Exercise instructions: Extract the lines beginning at the one that holds "Too many of" and ending at the final line of the material below, keeping them exact and leaving out all pictures.

==================================================

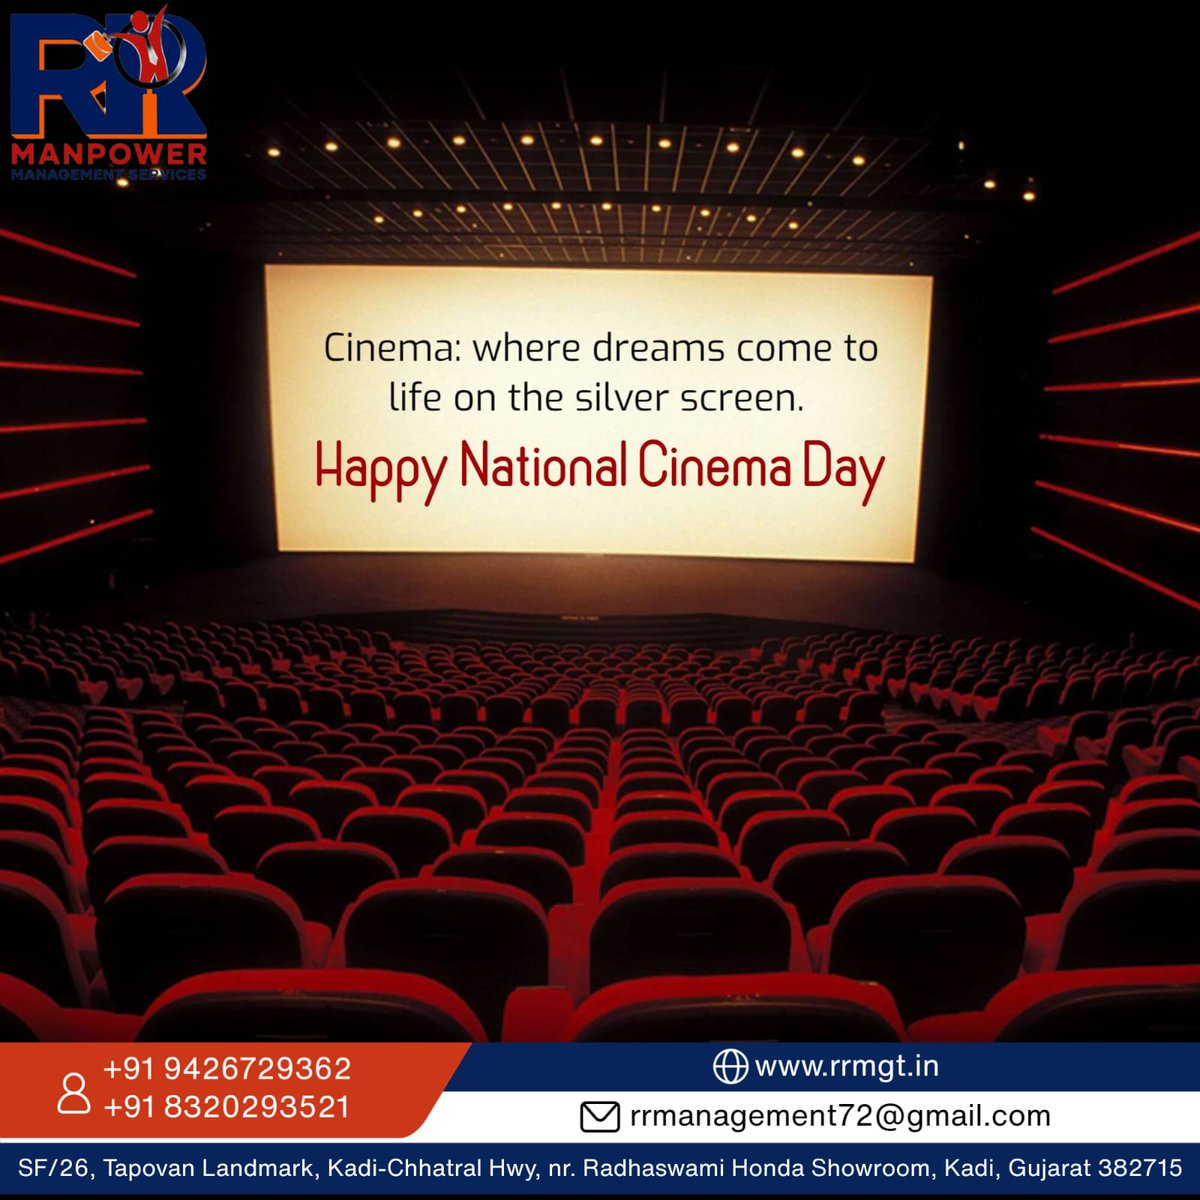 🎥 Lights, Camera, Action! Celebrating the magic of the silver screen on #NationalCinemaDay 🍿✨ Let's embark on a cinematic journey like never before! 🎬

#MovieMagic #CinemaDayDelights #SilverScreenCelebration #MovieMania #CinephileChronicles #rrmgtkadi #rrmanpowerjobs
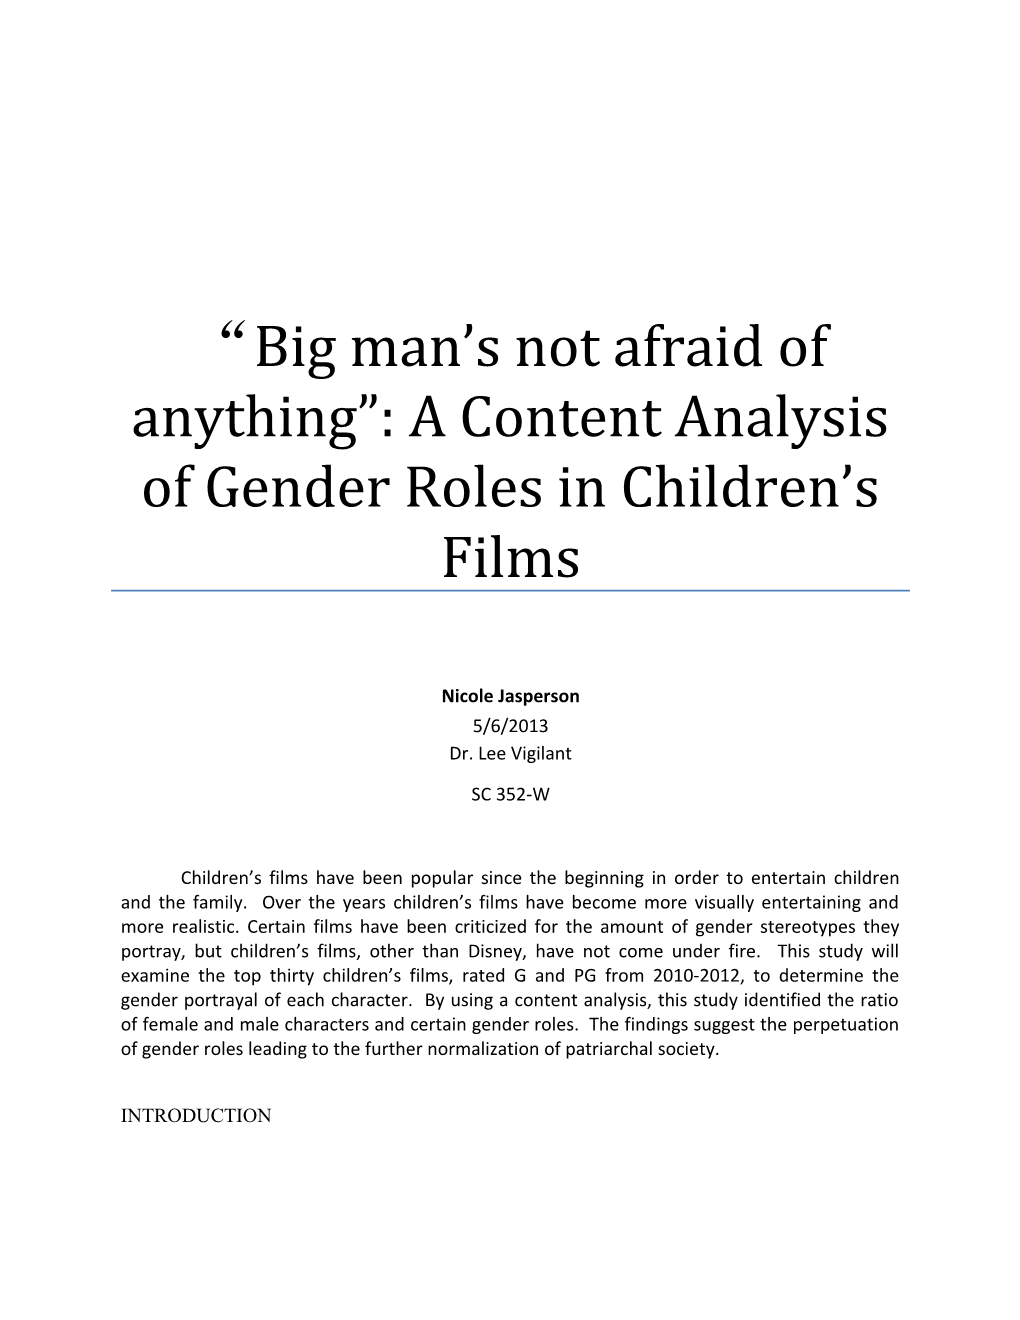 Big Man S Not Afraid of Anything : a Content Analysis of Gender Roles in Children S Films
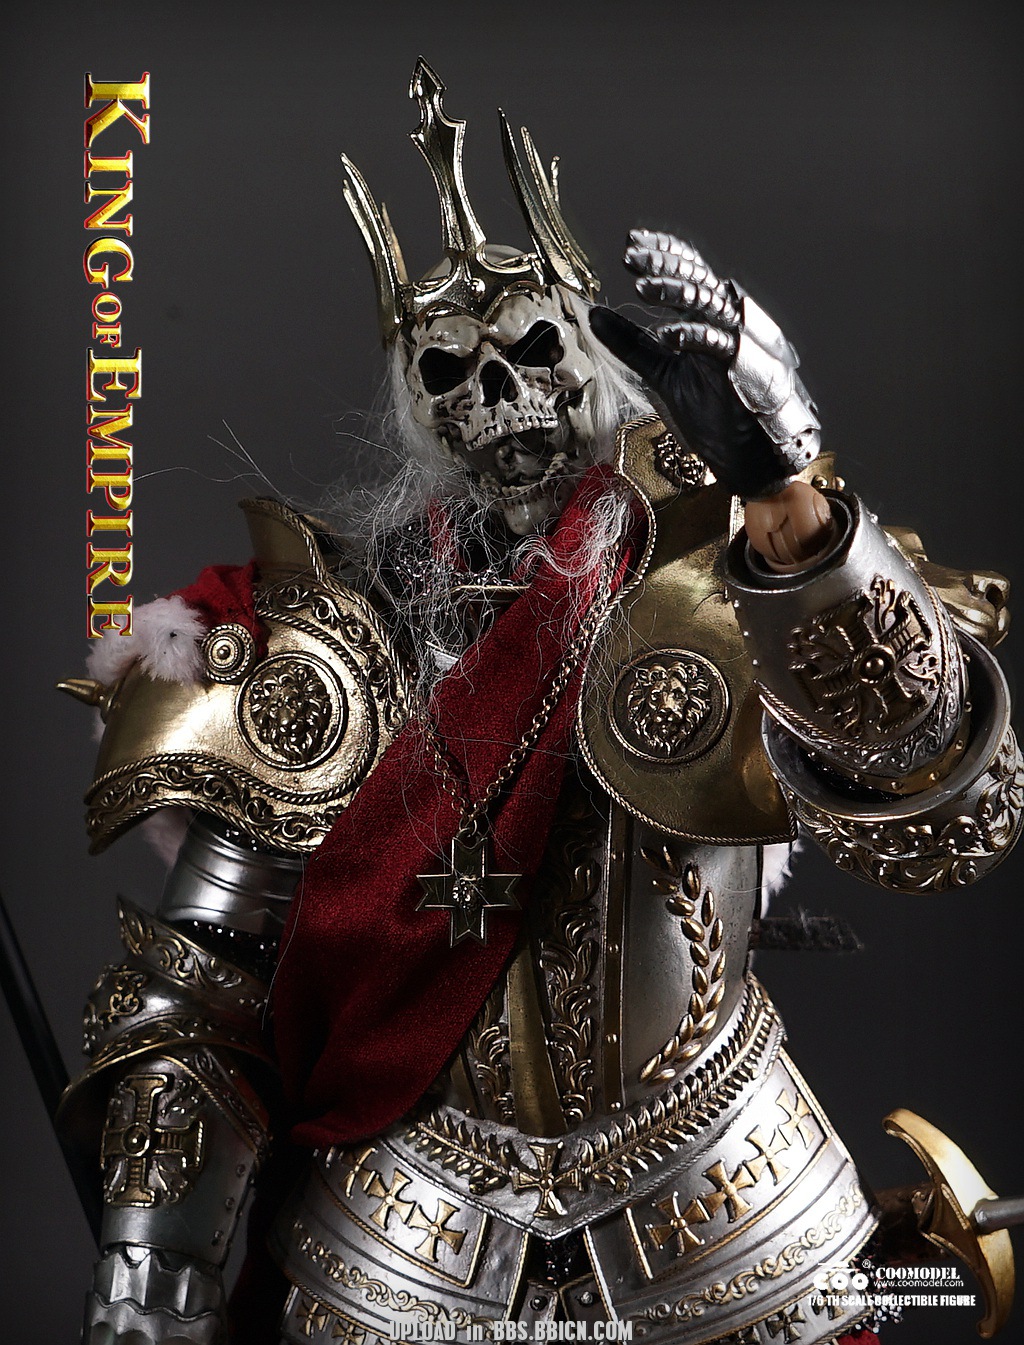 NightmareSeries - NEW PRODUCT: COOMODEL: 1/6 Nightmare Series-King of the Empire, Bishop of the Empire-Alloy Standard Edition/Pure Copper Collector's Edition NS016/7/8/9 23030810
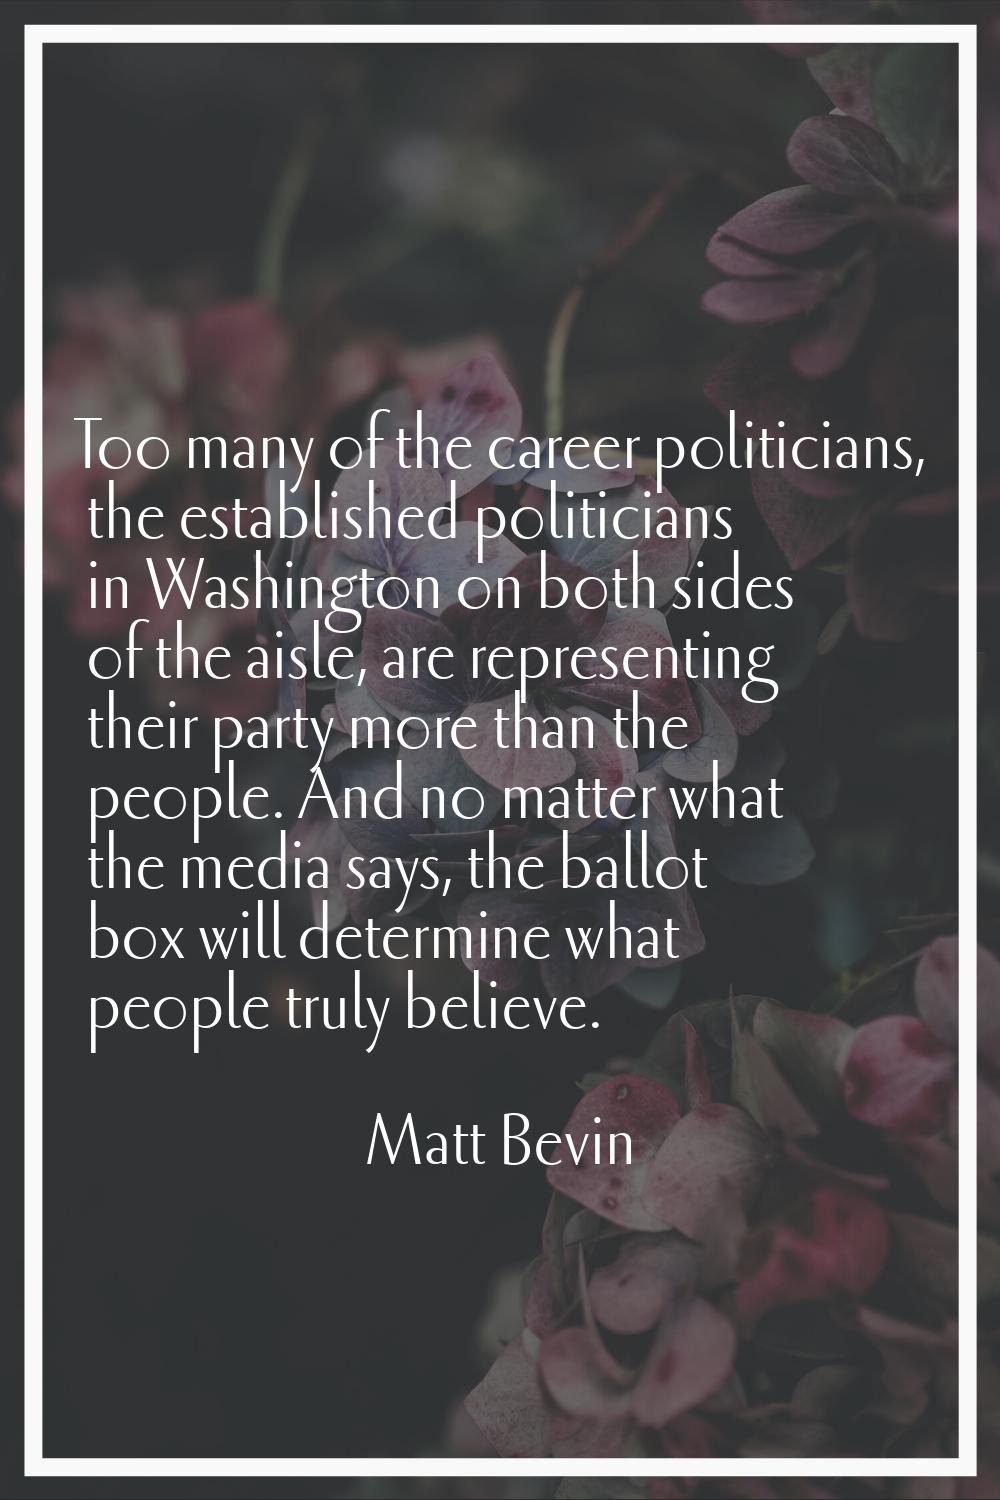 Too many of the career politicians, the established politicians in Washington on both sides of the 
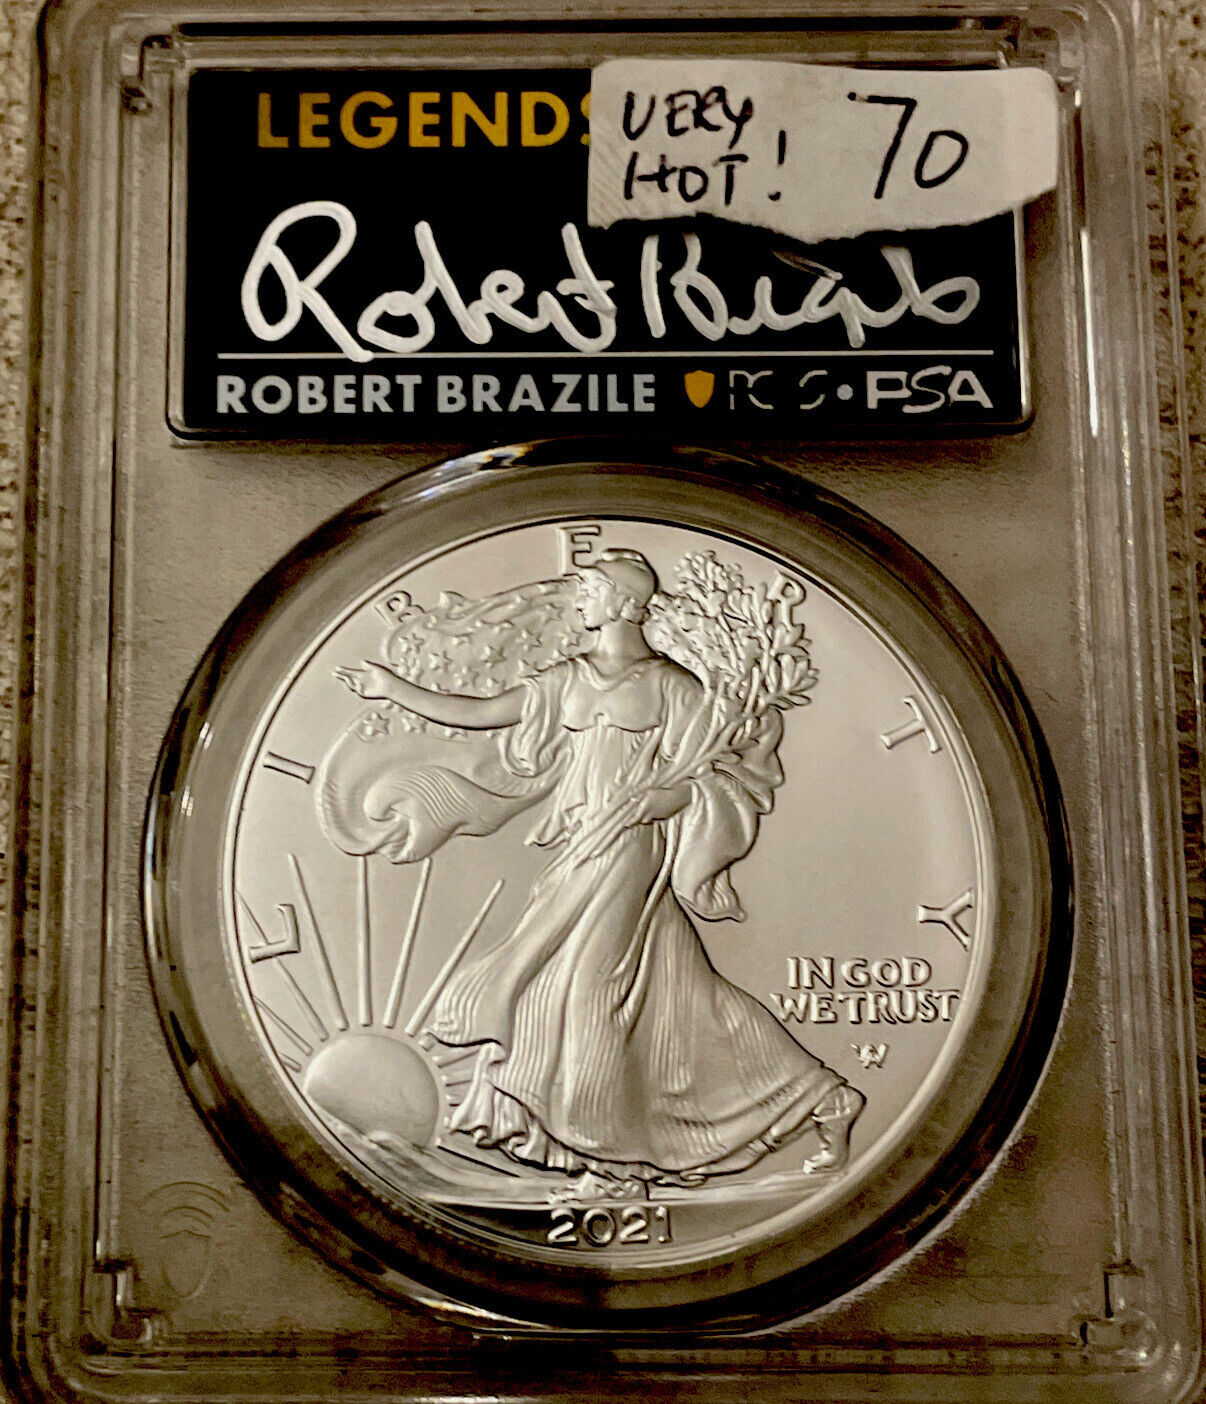 2021 w silver Eagle ty2 R Brazile First Production PCGS MS70 free S&H   Fly Flt
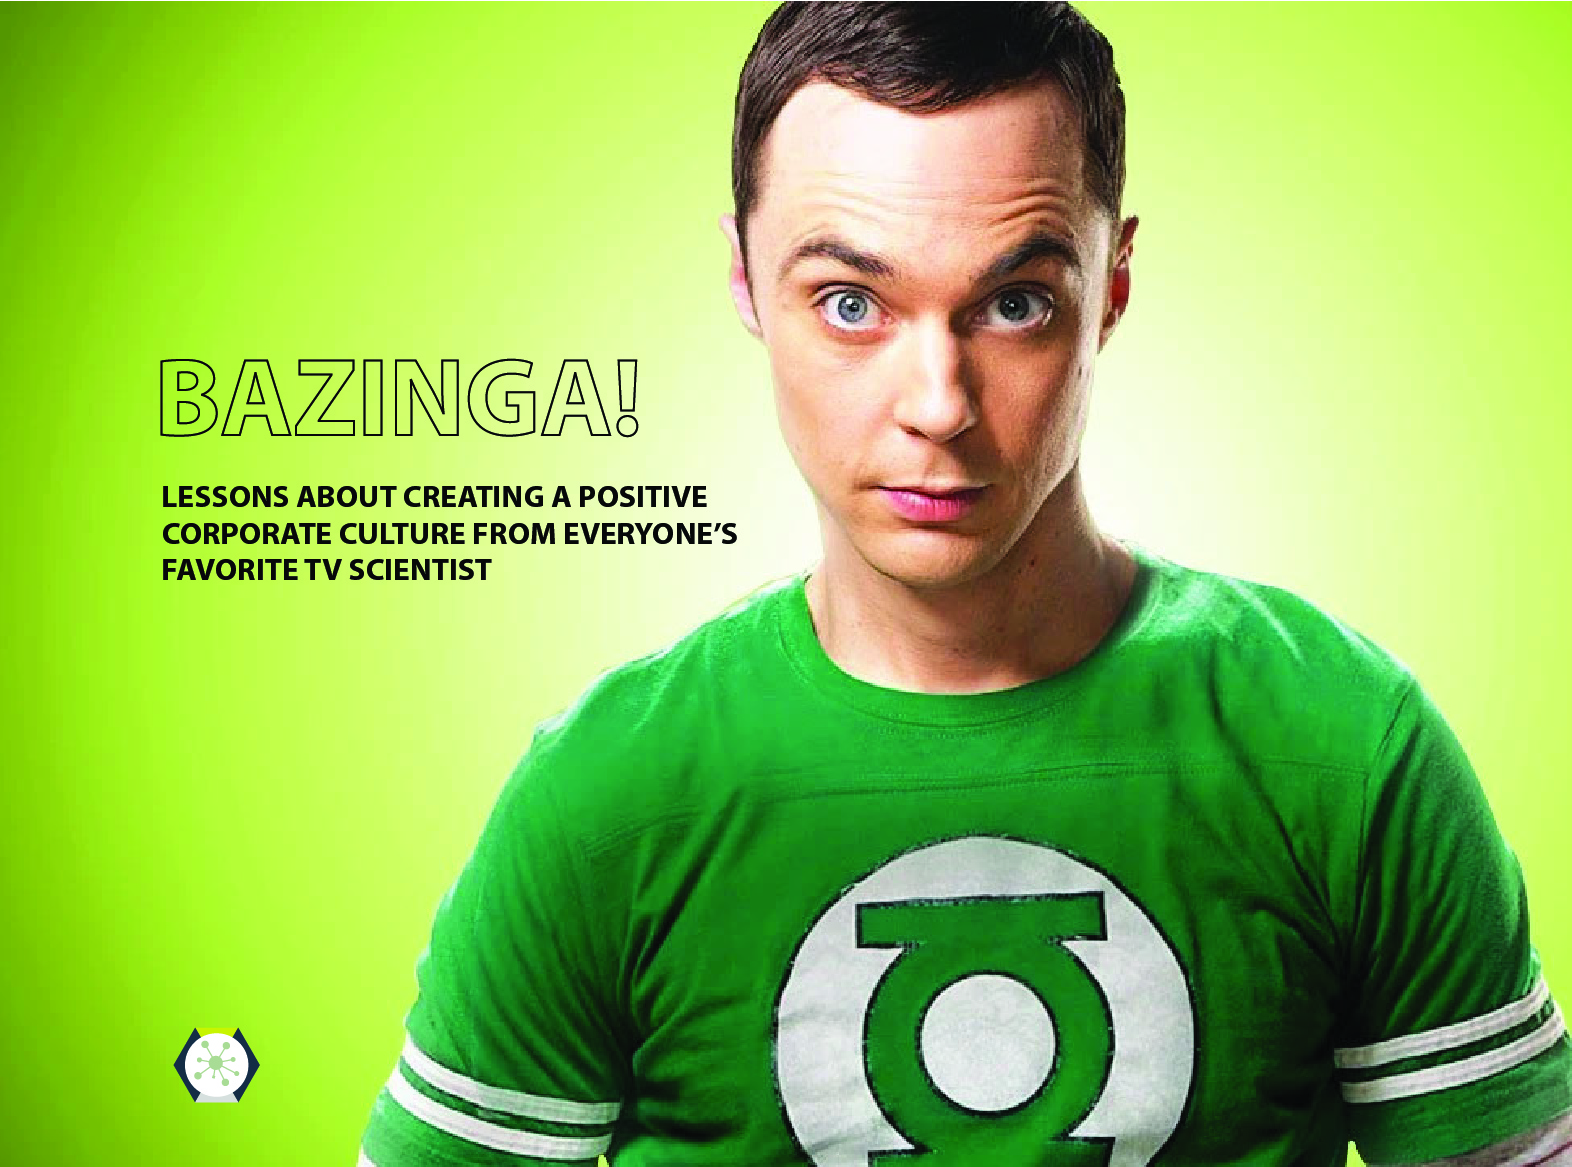 BAZINGA! Lessons About Creating a Positive Corporate Culture From Everyone’s Favorite TV Scientist

==================================================

Exercise output:
 Too many of the career politicians, the established politicians in Washington on both sides of the 
 2021 w silver Eagle ty2 R Brazile First Production PCGS MS70 free S&H   Fly Flt
 BAZINGA! Lessons About Creating a Positive Corporate Culture From Everyone’s Favorite TV Scientist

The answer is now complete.